Legendary Oscar Winner Lee Grant on the Blacklist, Sex, Sexism, the Treatment of Renée Zellweger

The State
Legendary Oscar Winner Lee Grant on the Blacklist, Sex, Sexism

On top of being an Oscar-winning actor and a trailblazing documentarian, Lee Grant is a lovely host—quick-witted, warm, and fiercely candid about the obstacles that life and Hollywood continue to throw into the path of women. Grant—who is now in her early 90s—made a sensational film debut opposite Kirk Douglas in 1951’s Detective Story, winning best actress at Cannes, as well as being nominated for an Academy Award. Then the blacklist struck. While giving a eulogy, Grant had suggested that an actor friend’s death had been hastened by the trauma of being questioned by the House Un-American Activities Committee. She was largely sidelined between the ages of 24 and 36. Compounding her difficulties was an unhappy relationship with her first husband, blacklisted screenwriter Arnold Manoff, which Grant chronicles in her memoir, I Said Yes to Everything.

When Grant returned to the screen in the mid 1960s, the ageism of the industry was debilitating. Still, she won the 1966 supporting actress Emmy for Peyton Place, the 1976 supporting actress Oscar for Shampoo, and earned two additional Academy Award nominations for The Landlord and Voyage of the Damned. In the 1980s, Grant pivoted to filmmaking, presciently shining a light on social issues like income inequality and poverty in America, most notably in her Oscar-winning 1986 documentary Down and Out in America.

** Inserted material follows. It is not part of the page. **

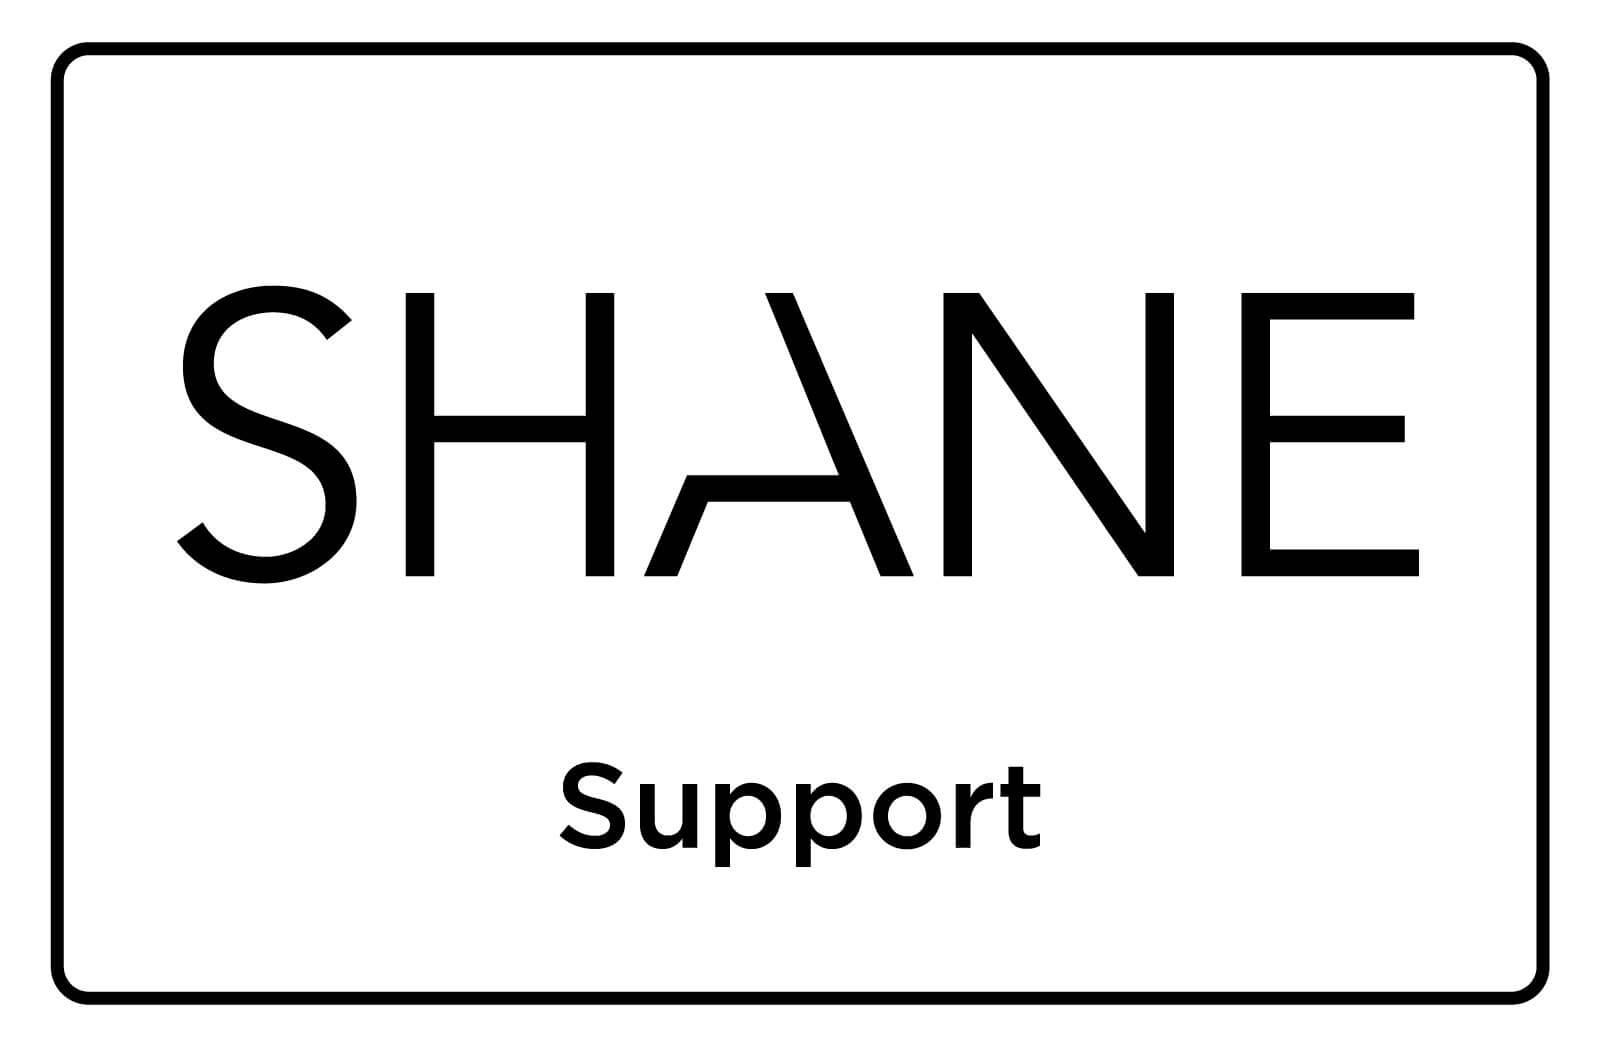 SHANE Support

During my three-hour visit to her home on Manhattan’s Upper West Side, Grant gave me a tour of the artwork and personal photographs papering her walls, referred me to her Pilates instructor, and offered me sincere relationship advice. After settling into a comfortable corner of her bedroom, she talked passionately about a range of subjects. They included the horrors leveled at women in the industry; her memories from the sex-crazed set of Shampoo; and her happy second marriage, to producer and painter Joseph Feury.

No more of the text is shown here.